We’re 15 weeks into house-arrest! I’m lucky to have a job that I can (mostly) do from home. A large part of this job involves shouting at people on video conferences and, since I tend to pace around when I get animated, I use a wireless Bluetooth headset for my calls. It beats making banana loaf.

I’ve tried a few types: the “lorry driver” in-ear model, the “call-centre” with boom microphone, all the way up to the full over-ear noise-cancelling jobs. This isn’t a review of headsets, although it’s worth mentioning that the Bose noise cancelling headphones work so well that I feel like I’ve gone deaf and end up shouting even louder. My wife, working from home 3m away from me, doesn’t like that very much.

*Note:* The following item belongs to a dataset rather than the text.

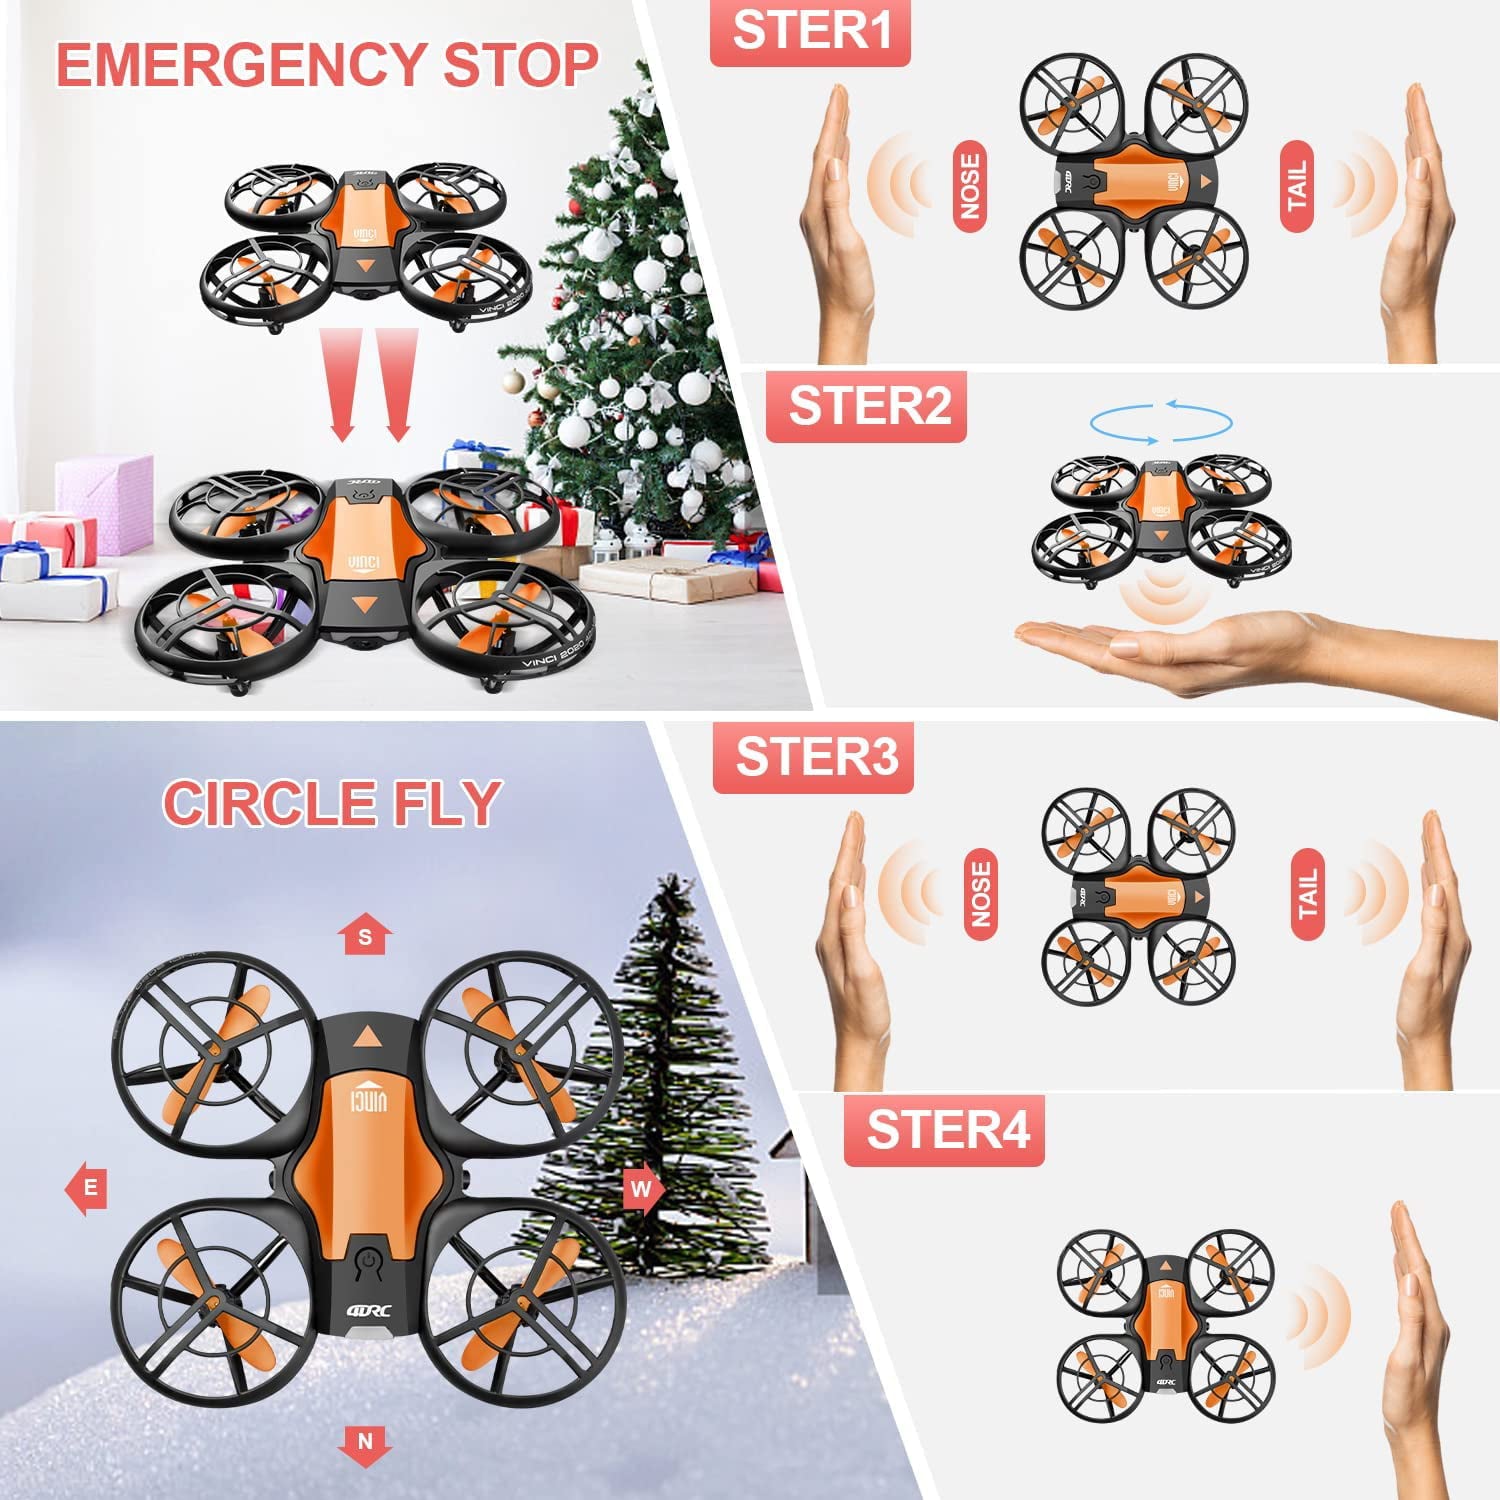 4DRC V8c Drone with 720P HD Camera for Adults and Children FPV Real-time Video， 2 Modular Batteries and Storage Bag， Orange

My preferred model is a “call-centre” type, and this one is churned out by the million somewhere in Shenzhen. They appear on Amazon under a variety of names but all identify themselves as “BH-M9” on Bluetooth. Mine is so cheap it doesn’t even have a name on it. You get what you pay for: the USB charging port on mine lasted about a week, so now it doesn’t charge.

Make do and mend and 3D print

I hate throwing away salvageable electronics. I call it environmental sensitivity. My wife calls it hoarding.

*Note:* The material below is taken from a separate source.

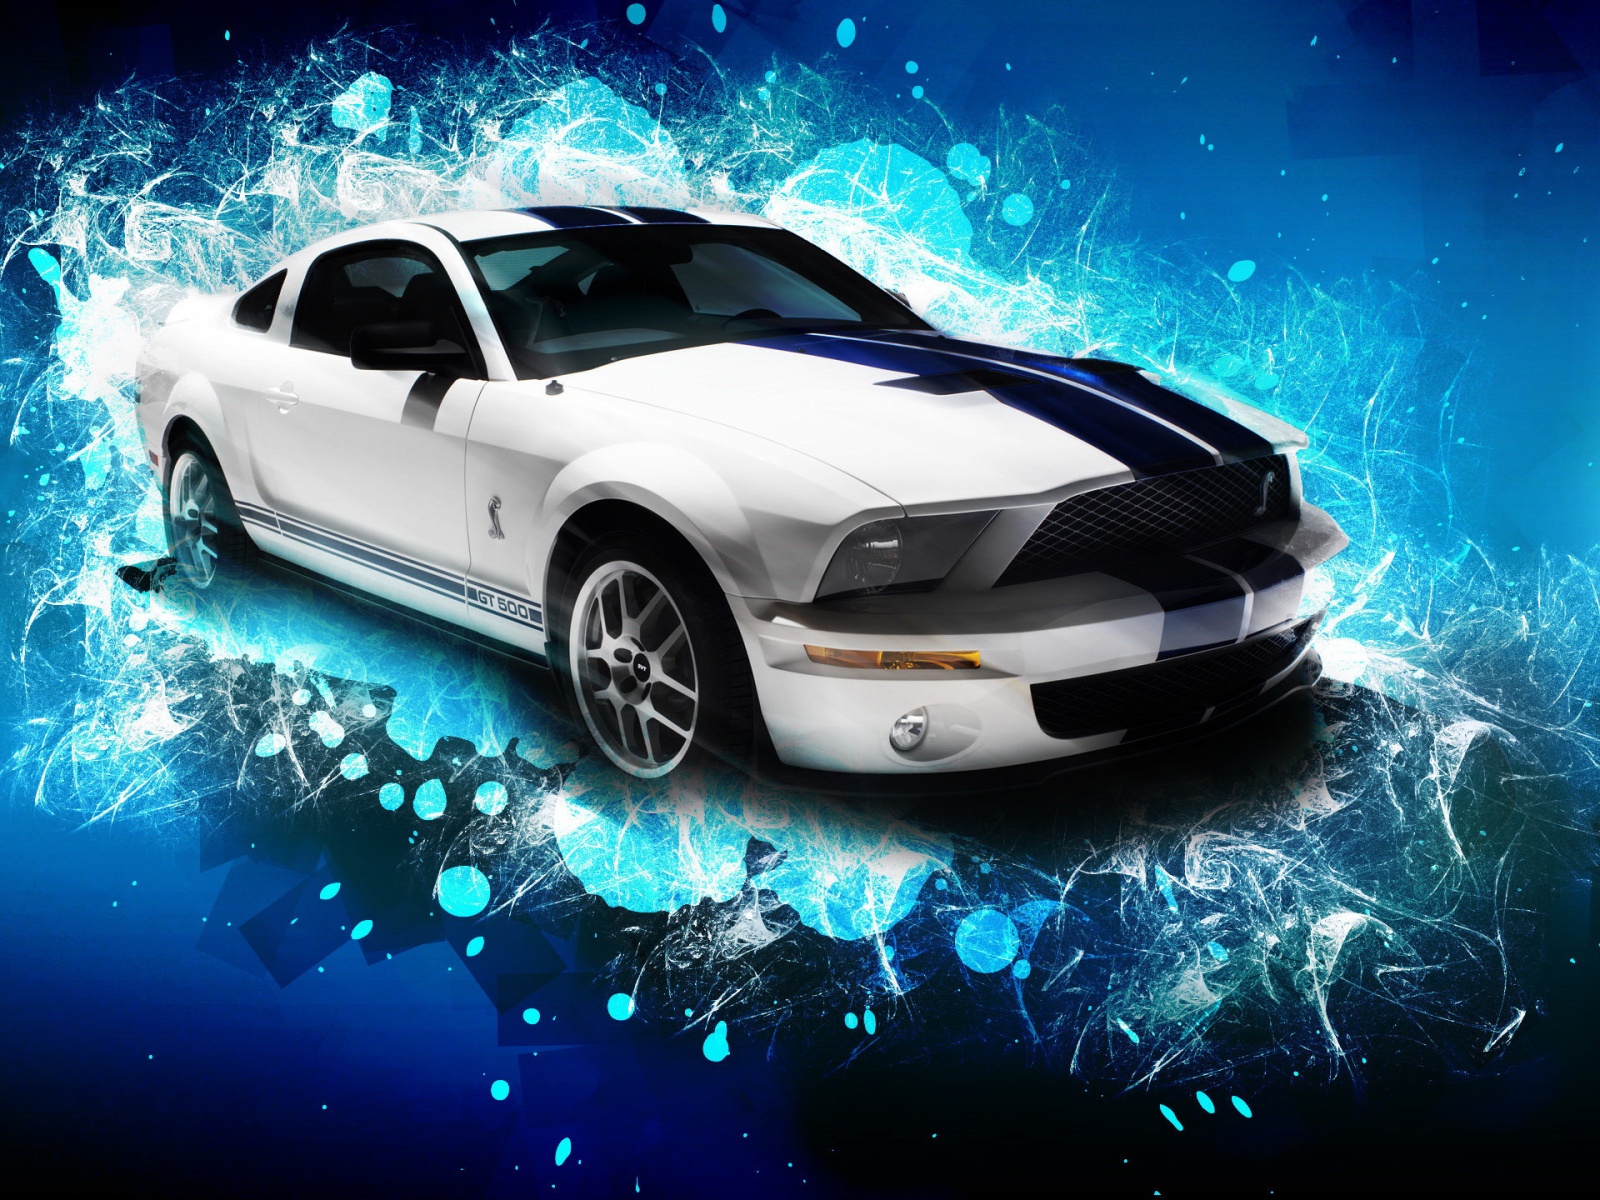 Ford Shelby GT500 Abstract Backgrounds

The bottom of the headset has a port that looks suspiciously like it docks into something. Some of the pictures on Amazon show this model sitting in a charging cradle. I doubt they’ve gone to the expense of adding an extra buck converter, so I’m guessing that it takes the same 5VDC as the USB charging port. If I can make a cradle then I can charge my headset. So I did.

I’m still enjoying my trial period on Fusion 360 so I measured the headset, recreated its outline and – in 15 minutes – knocked up a cradle to fit it.

Fusion 360 cradle model

A few hours later and Hephaestus, my trusty 3D printer, has recreated it in Polylactic Acid. It’s a hollow shell with a big hole underneath to fill with wires and soldering. I’ll chop the end off a USB cable and run it through the hole on the side.

A couple of bent bits of earth core from some T&E cabling make the electrodes, and I “solder” them into place with some PLA filament. A little experimentation with the headset shows which electrode is +5VDC and which is GND.

Well, it works but the headset won’t stay in place. I need Mk 2.0…

Apple popularised (but didn’t invent) the magnetic charging connector as a safe-to-trip-over way of charging its Macbooks. Today magnetic charging bases are common on smart-watches. I reckon that’s how this headset stays in its base.

I test the bottom of the headset with a magnet and, sure enough, there is a magnet either side of the charging port. I drill holes for a pair of magnets in the charging base, glue them in place and…

Voilà. One magnetic charging base, and one headset I don’t have to throw away.

Now, has anyone got a good banana loaf recipe?